• [Problem description]: Could the listing be repeated exactly, with every picture dropped?

• [Dataset section]:
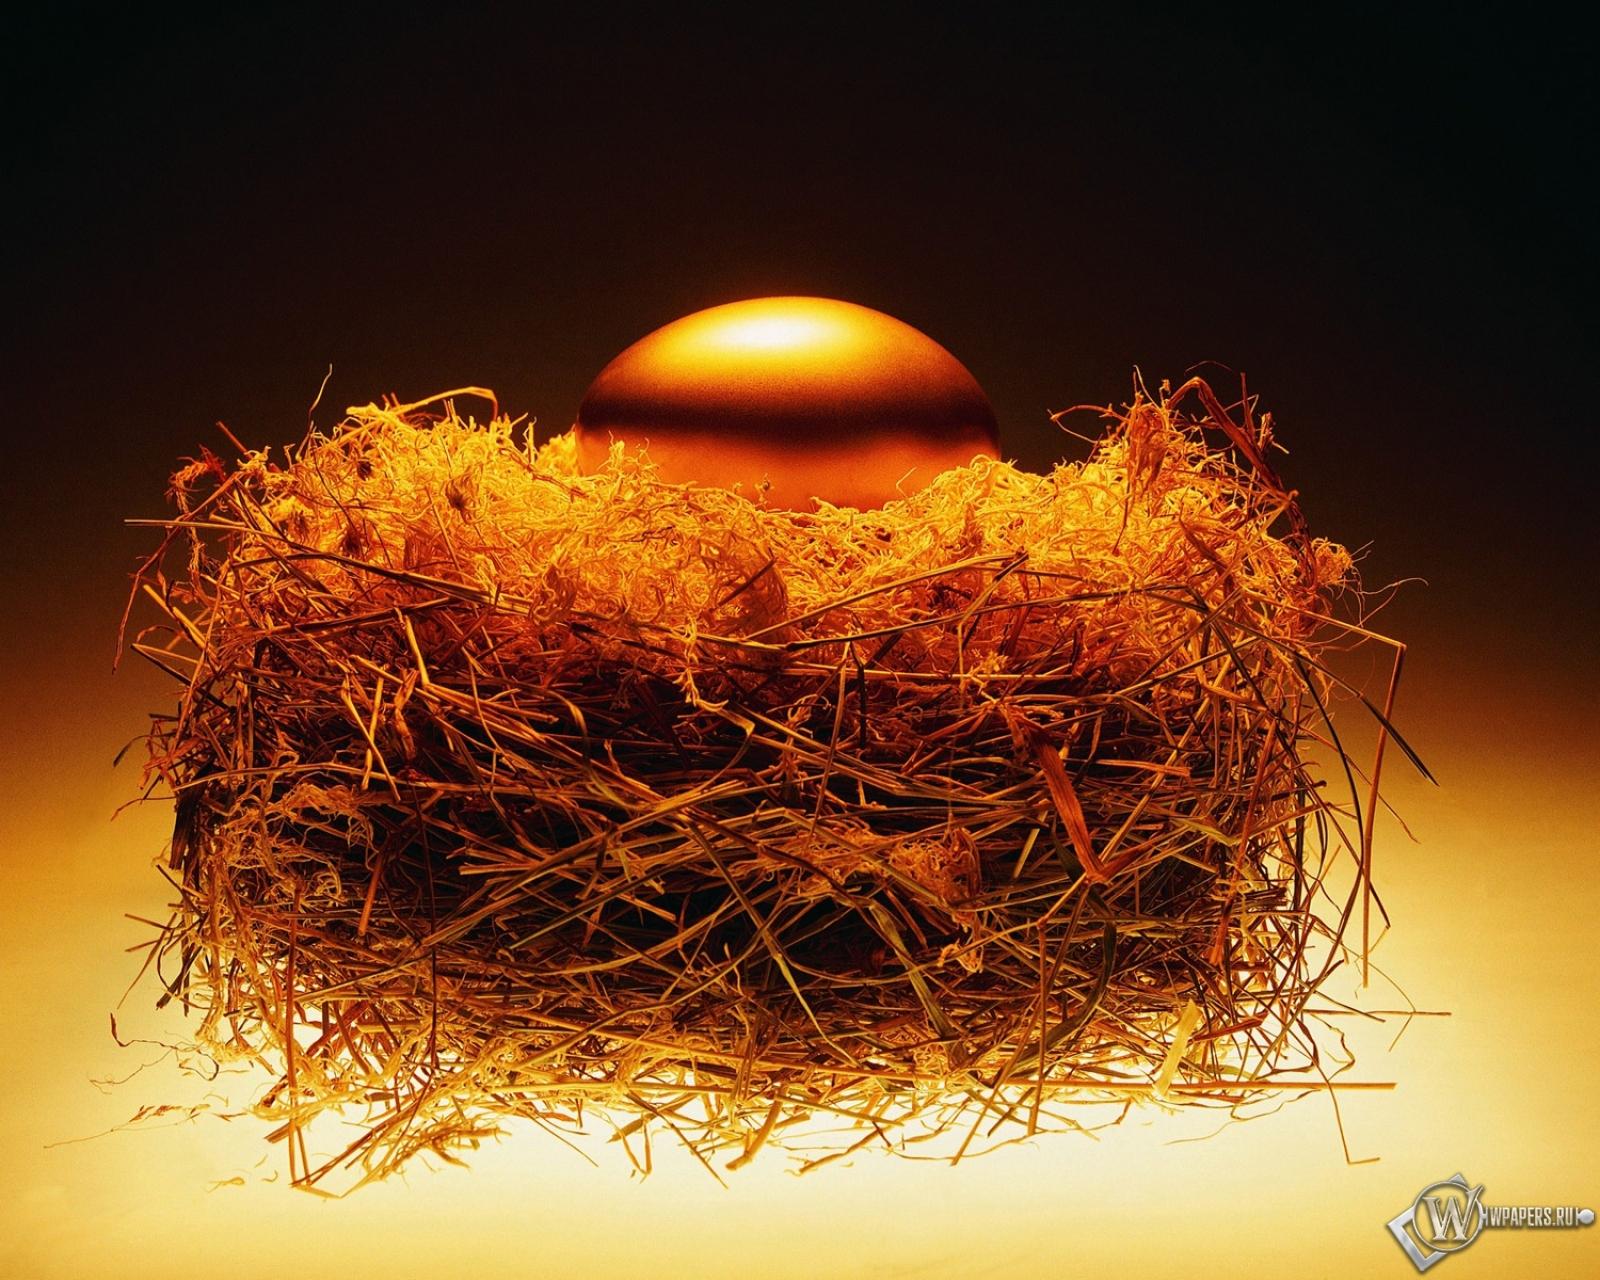 Золотое яйцо в гнезде 1600x1280
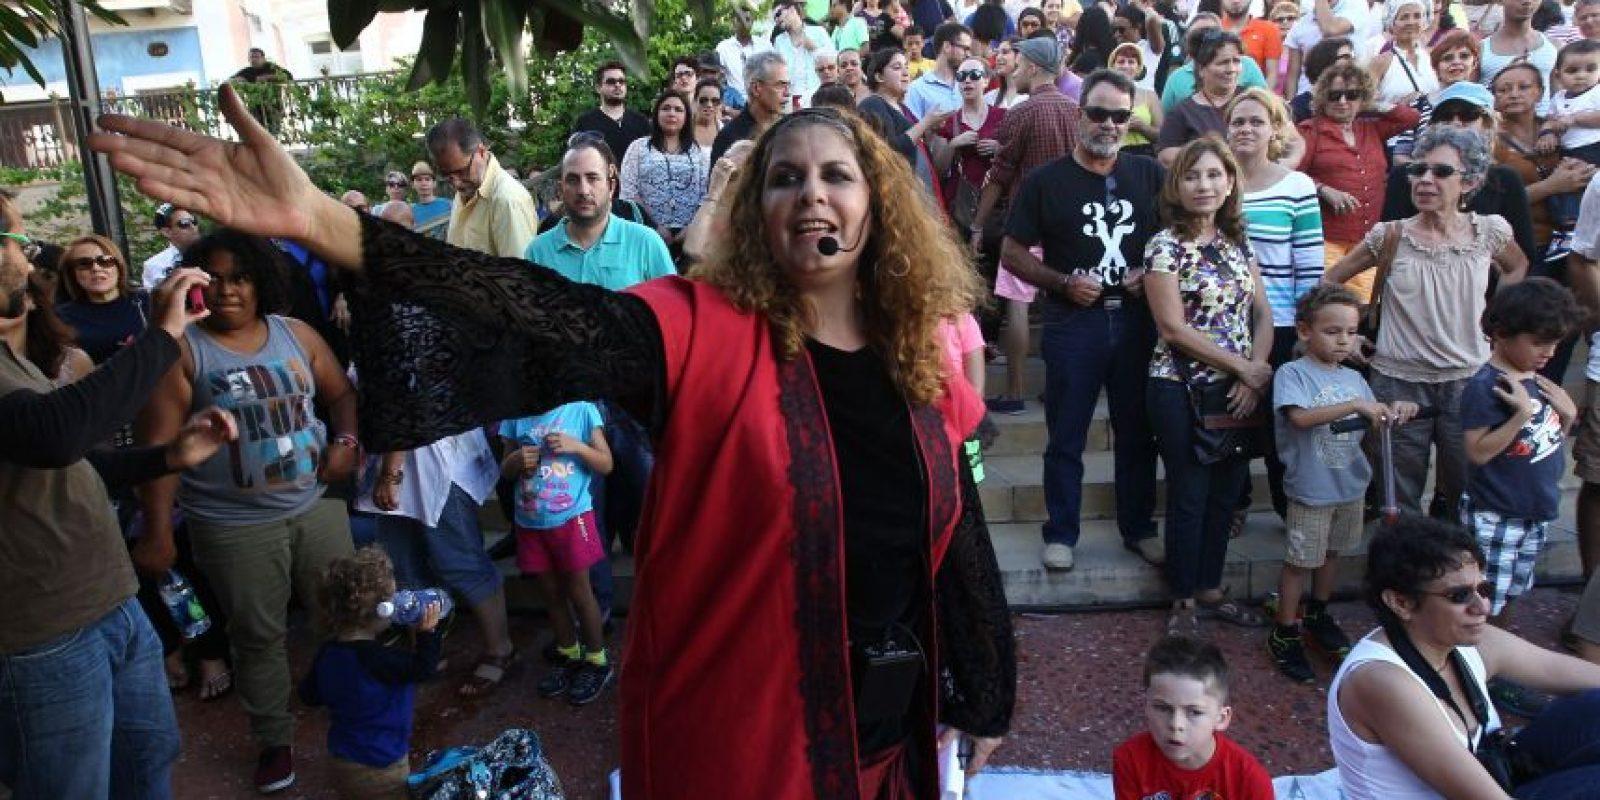 Tere Marichal recita uno de sus cuentos Foto:Keno Rodríguez/ Metro Puerto Rico. Imagen Por:
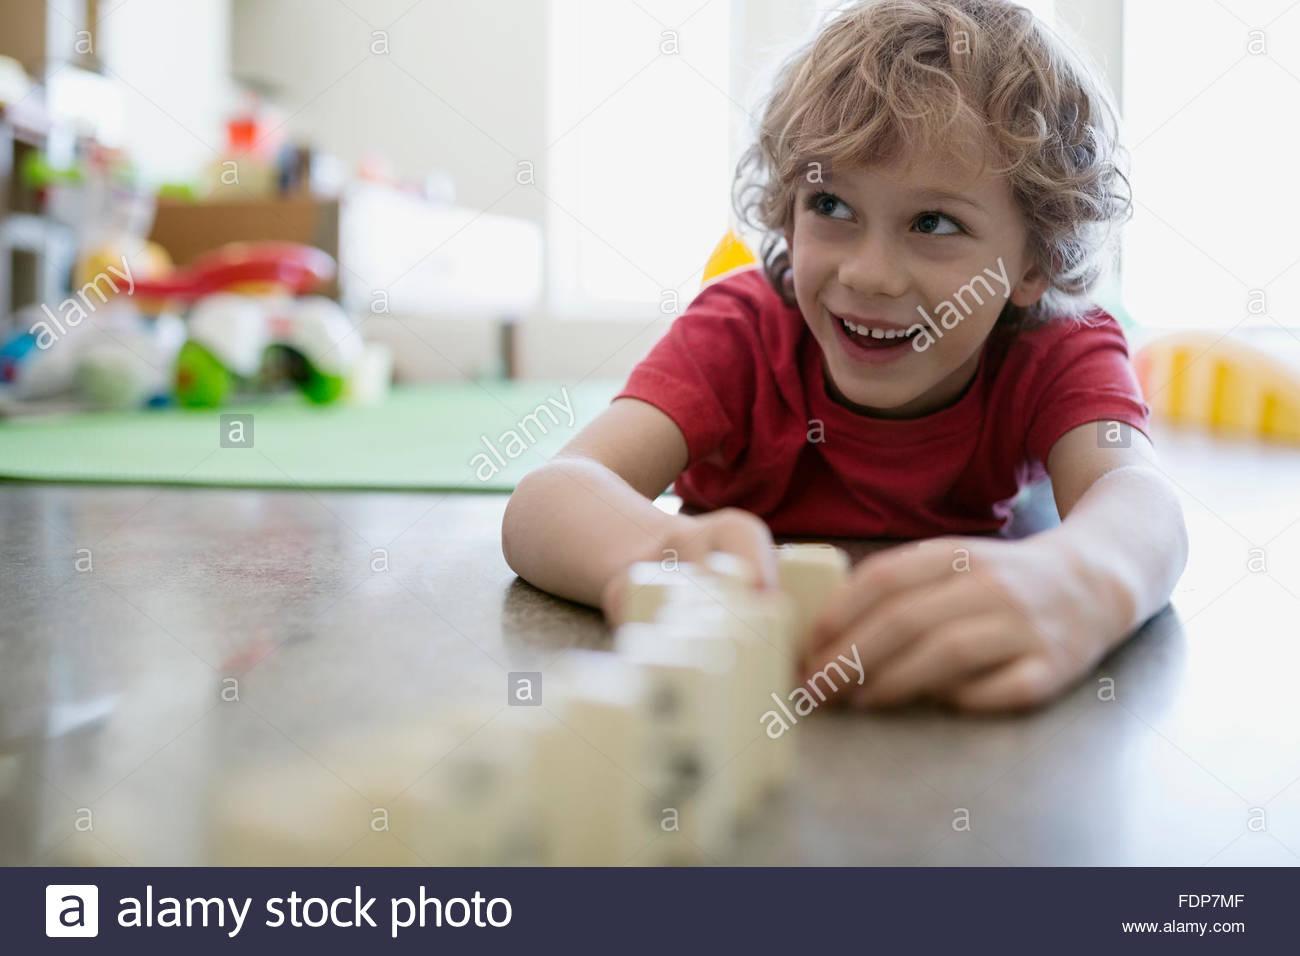 Sorridente ragazzo giocando con effetto domino sul pavimento Immagini Stock
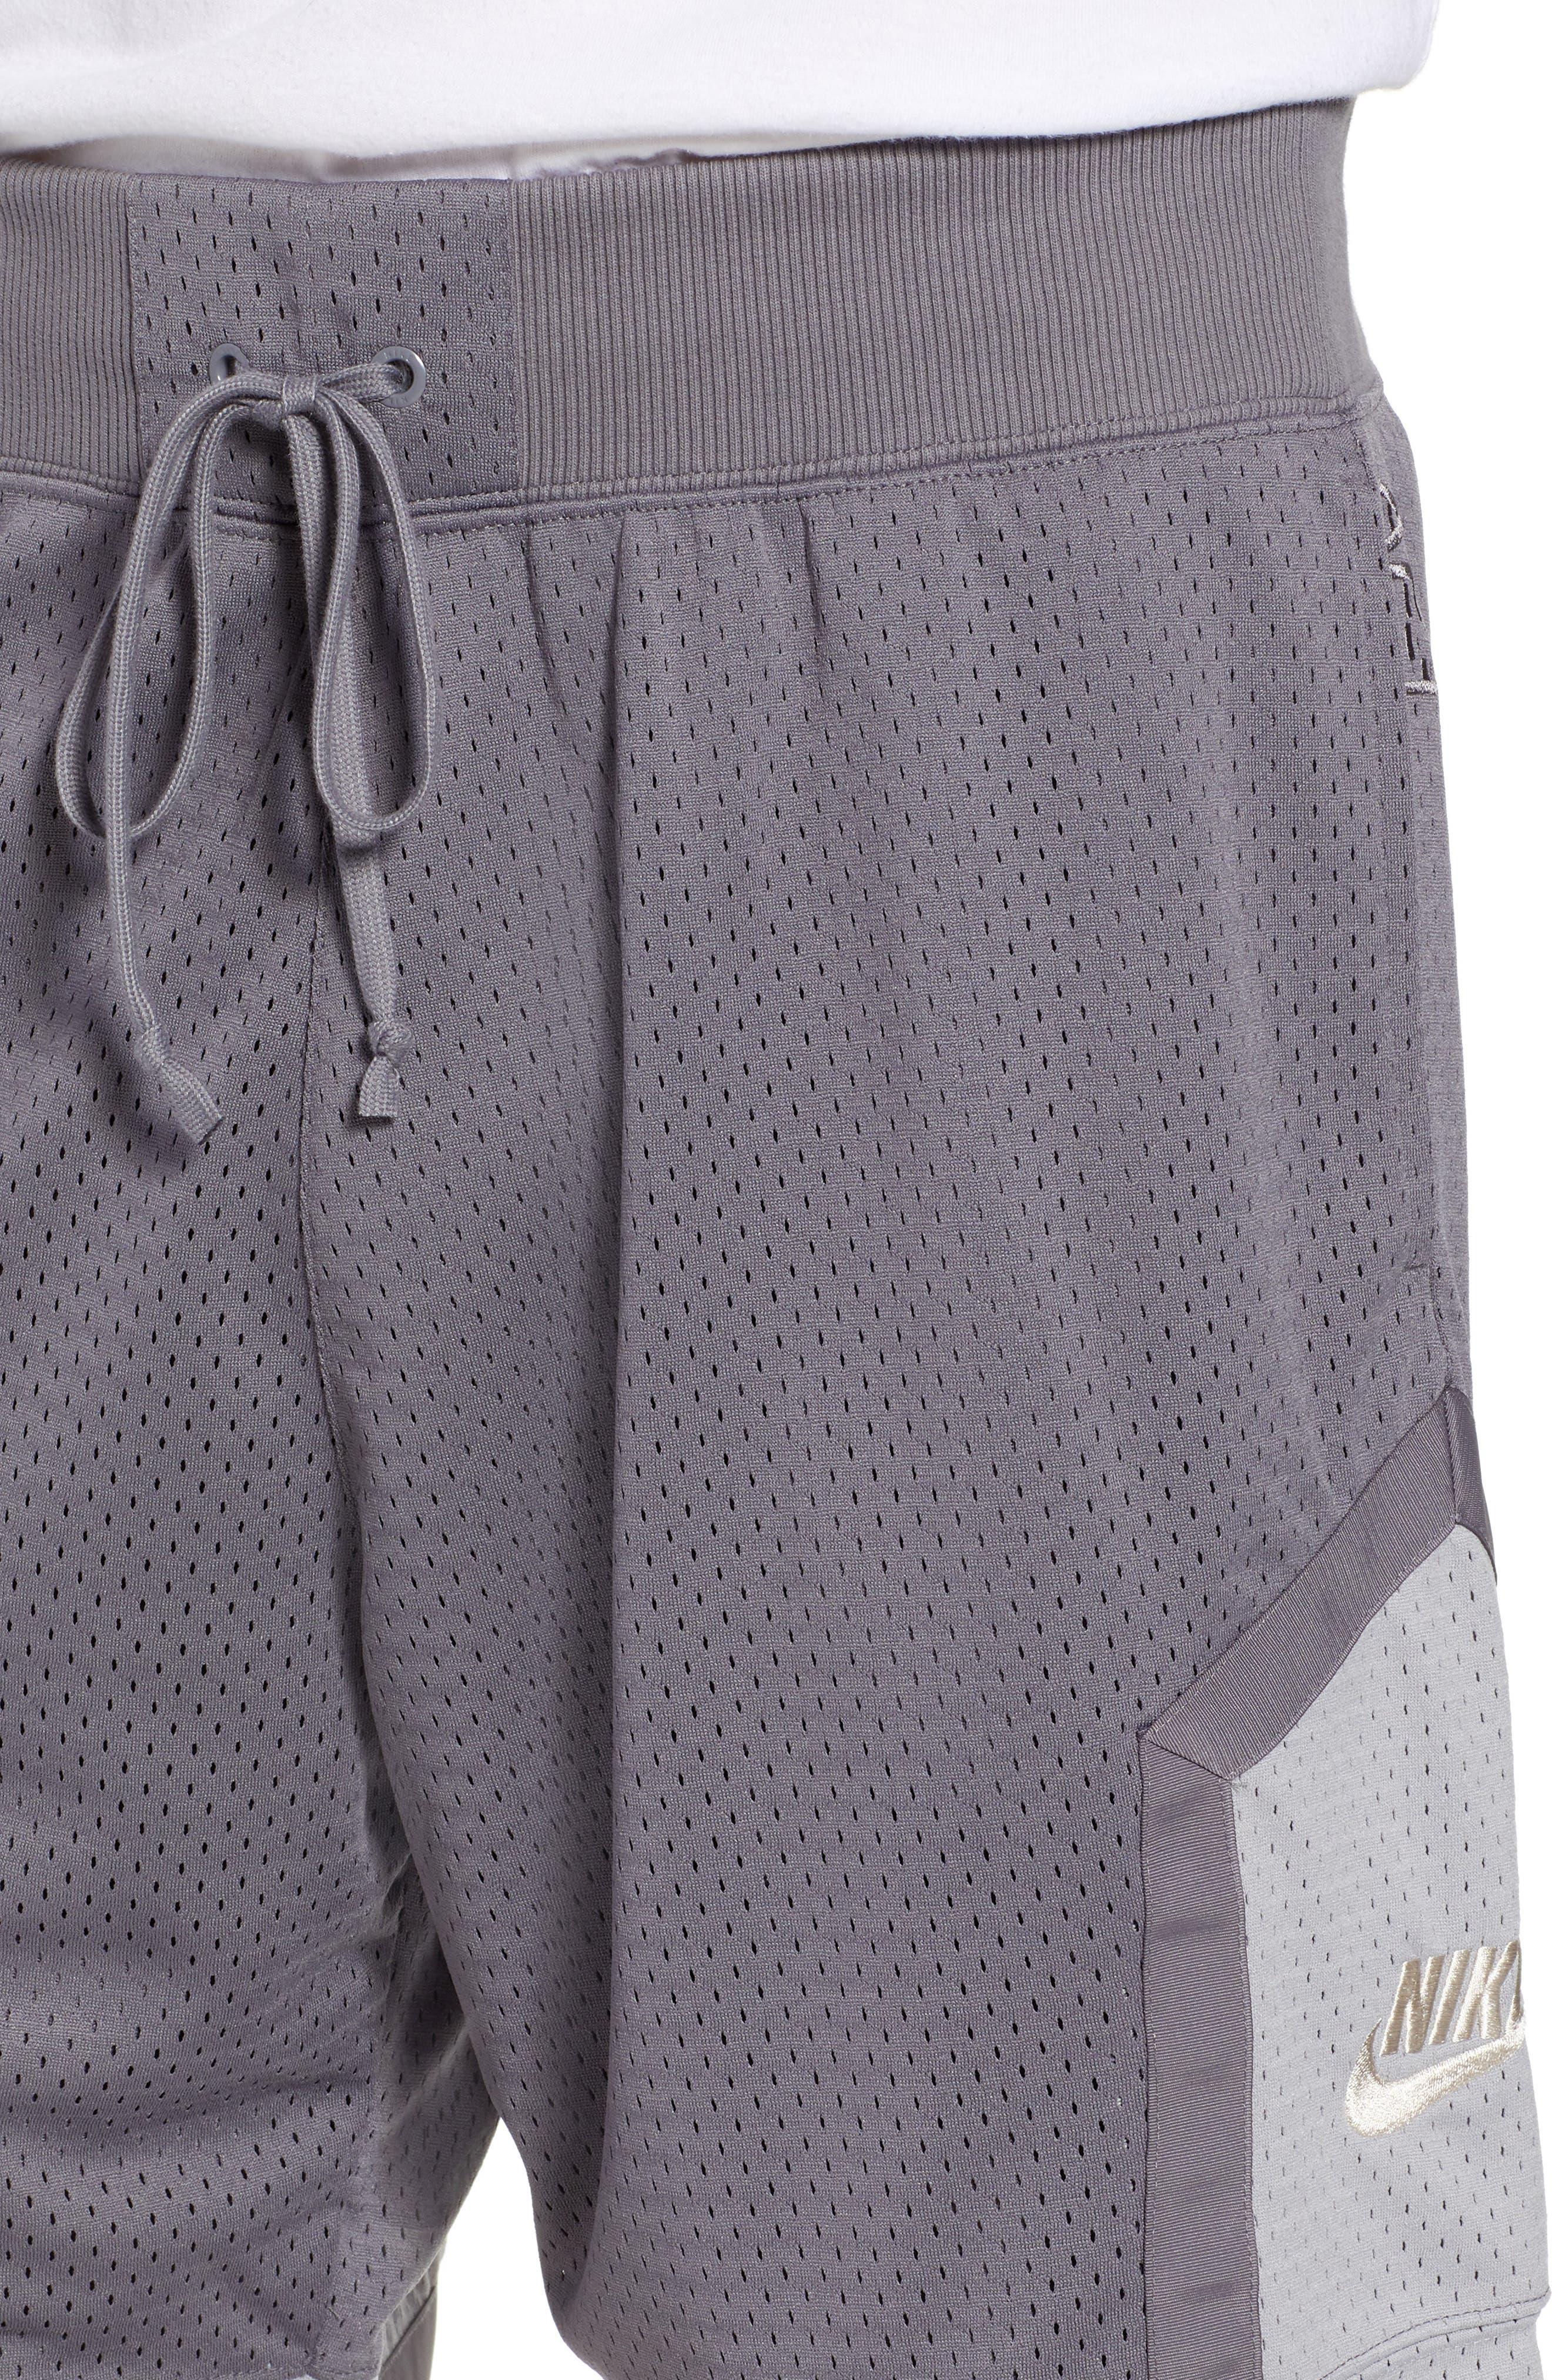 NSW AF1 Shorts,                             Alternate thumbnail 4, color,                             GUNSMOKE/ GREY/ OREWOOD

• [Output below]:
 Золотое яйцо в гнезде 1600x1280
 Tere Marichal recita uno de sus cuentos Foto:Keno Rodríguez/ Metro Puerto Rico. Imagen Por:
 Sorridente ragazzo giocando con effetto domino sul pavimento Immagini Stock
 NSW AF1 Shorts,                             Alternate thumbnail 4, color,                             GUNSMOKE/ GREY/ OREWOOD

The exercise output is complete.